-- EXERCISE --
Line by line, the entries below are to be reproduced unaltered.

[Records from a dataset]
-- -- --
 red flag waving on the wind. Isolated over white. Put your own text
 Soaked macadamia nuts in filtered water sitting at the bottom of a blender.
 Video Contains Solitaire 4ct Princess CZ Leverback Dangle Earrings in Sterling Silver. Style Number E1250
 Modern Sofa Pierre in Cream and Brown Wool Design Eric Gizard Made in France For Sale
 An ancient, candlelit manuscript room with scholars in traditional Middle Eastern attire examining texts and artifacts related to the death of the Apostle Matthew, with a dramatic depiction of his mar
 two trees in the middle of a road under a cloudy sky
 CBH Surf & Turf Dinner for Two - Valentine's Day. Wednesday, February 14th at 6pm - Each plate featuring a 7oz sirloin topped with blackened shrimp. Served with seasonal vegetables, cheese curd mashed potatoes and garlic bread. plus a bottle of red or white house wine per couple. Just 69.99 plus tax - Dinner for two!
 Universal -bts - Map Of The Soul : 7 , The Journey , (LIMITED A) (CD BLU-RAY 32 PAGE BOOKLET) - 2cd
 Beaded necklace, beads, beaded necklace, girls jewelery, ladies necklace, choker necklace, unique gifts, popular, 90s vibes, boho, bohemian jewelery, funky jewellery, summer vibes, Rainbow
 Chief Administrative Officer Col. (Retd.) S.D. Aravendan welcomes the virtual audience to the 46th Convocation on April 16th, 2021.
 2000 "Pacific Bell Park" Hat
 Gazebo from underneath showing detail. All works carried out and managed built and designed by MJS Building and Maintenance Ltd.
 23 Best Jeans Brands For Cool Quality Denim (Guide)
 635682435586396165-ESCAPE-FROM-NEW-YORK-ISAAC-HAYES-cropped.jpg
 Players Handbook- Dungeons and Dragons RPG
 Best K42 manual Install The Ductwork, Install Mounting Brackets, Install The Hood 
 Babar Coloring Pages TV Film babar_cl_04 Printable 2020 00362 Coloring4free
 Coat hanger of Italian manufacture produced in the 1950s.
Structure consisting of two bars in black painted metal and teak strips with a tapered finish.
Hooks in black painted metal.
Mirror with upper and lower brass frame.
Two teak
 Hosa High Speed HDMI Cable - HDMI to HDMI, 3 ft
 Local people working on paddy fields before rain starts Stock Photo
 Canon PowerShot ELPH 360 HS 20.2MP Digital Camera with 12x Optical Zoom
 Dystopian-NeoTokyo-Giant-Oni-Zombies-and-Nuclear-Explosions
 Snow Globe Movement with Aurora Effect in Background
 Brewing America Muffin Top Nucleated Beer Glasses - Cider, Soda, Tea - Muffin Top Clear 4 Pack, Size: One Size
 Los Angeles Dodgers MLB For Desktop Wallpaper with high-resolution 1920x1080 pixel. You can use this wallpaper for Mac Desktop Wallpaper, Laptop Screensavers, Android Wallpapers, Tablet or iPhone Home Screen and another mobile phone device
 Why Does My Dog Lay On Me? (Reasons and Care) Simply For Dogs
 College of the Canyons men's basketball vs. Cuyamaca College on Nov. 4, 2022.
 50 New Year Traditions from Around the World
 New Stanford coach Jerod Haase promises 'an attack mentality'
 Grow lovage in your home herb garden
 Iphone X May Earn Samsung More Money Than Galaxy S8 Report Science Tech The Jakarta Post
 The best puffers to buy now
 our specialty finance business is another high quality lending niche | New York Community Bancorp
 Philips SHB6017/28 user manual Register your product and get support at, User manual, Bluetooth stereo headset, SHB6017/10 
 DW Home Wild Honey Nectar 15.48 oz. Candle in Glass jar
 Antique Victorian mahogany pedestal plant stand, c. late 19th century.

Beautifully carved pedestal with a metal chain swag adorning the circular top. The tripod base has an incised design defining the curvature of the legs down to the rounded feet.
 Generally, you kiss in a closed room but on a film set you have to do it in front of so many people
-- -- --
-- EXERCISE RESULT --
 red flag waving on the wind. Isolated over white. Put your own text
 Soaked macadamia nuts in filtered water sitting at the bottom of a blender.
 Video Contains Solitaire 4ct Princess CZ Leverback Dangle Earrings in Sterling Silver. Style Number E1250
 Modern Sofa Pierre in Cream and Brown Wool Design Eric Gizard Made in France For Sale
 An ancient, candlelit manuscript room with scholars in traditional Middle Eastern attire examining texts and artifacts related to the death of the Apostle Matthew, with a dramatic depiction of his mar
 two trees in the middle of a road under a cloudy sky
 CBH Surf & Turf Dinner for Two - Valentine's Day. Wednesday, February 14th at 6pm - Each plate featuring a 7oz sirloin topped with blackened shrimp. Served with seasonal vegetables, cheese curd mashed potatoes and garlic bread. plus a bottle of red or white house wine per couple. Just 69.99 plus tax - Dinner for two!
 Universal -bts - Map Of The Soul : 7 , The Journey , (LIMITED A) (CD BLU-RAY 32 PAGE BOOKLET) - 2cd
 Beaded necklace, beads, beaded necklace, girls jewelery, ladies necklace, choker necklace, unique gifts, popular, 90s vibes, boho, bohemian jewelery, funky jewellery, summer vibes, Rainbow
 Chief Administrative Officer Col. (Retd.) S.D. Aravendan welcomes the virtual audience to the 46th Convocation on April 16th, 2021.
 2000 "Pacific Bell Park" Hat
 Gazebo from underneath showing detail. All works carried out and managed built and designed by MJS Building and Maintenance Ltd.
 23 Best Jeans Brands For Cool Quality Denim (Guide)
 635682435586396165-ESCAPE-FROM-NEW-YORK-ISAAC-HAYES-cropped.jpg
 Players Handbook- Dungeons and Dragons RPG
 Best K42 manual Install The Ductwork, Install Mounting Brackets, Install The Hood 
 Babar Coloring Pages TV Film babar_cl_04 Printable 2020 00362 Coloring4free
 Coat hanger of Italian manufacture produced in the 1950s.
Structure consisting of two bars in black painted metal and teak strips with a tapered finish.
Hooks in black painted metal.
Mirror with upper and lower brass frame.
Two teak
 Hosa High Speed HDMI Cable - HDMI to HDMI, 3 ft
 Local people working on paddy fields before rain starts Stock Photo
 Canon PowerShot ELPH 360 HS 20.2MP Digital Camera with 12x Optical Zoom
 Dystopian-NeoTokyo-Giant-Oni-Zombies-and-Nuclear-Explosions
 Snow Globe Movement with Aurora Effect in Background
 Brewing America Muffin Top Nucleated Beer Glasses - Cider, Soda, Tea - Muffin Top Clear 4 Pack, Size: One Size
 Los Angeles Dodgers MLB For Desktop Wallpaper with high-resolution 1920x1080 pixel. You can use this wallpaper for Mac Desktop Wallpaper, Laptop Screensavers, Android Wallpapers, Tablet or iPhone Home Screen and another mobile phone device
 Why Does My Dog Lay On Me? (Reasons and Care) Simply For Dogs
 College of the Canyons men's basketball vs. Cuyamaca College on Nov. 4, 2022.
 50 New Year Traditions from Around the World
 New Stanford coach Jerod Haase promises 'an attack mentality'
 Grow lovage in your home herb garden
 Iphone X May Earn Samsung More Money Than Galaxy S8 Report Science Tech The Jakarta Post
 The best puffers to buy now
 our specialty finance business is another high quality lending niche | New York Community Bancorp
 Philips SHB6017/28 user manual Register your product and get support at, User manual, Bluetooth stereo headset, SHB6017/10 
 DW Home Wild Honey Nectar 15.48 oz. Candle in Glass jar
 Antique Victorian mahogany pedestal plant stand, c. late 19th century.

Beautifully carved pedestal with a metal chain swag adorning the circular top. The tripod base has an incised design defining the curvature of the legs down to the rounded feet.
 Generally, you kiss in a closed room but on a film set you have to do it in front of so many people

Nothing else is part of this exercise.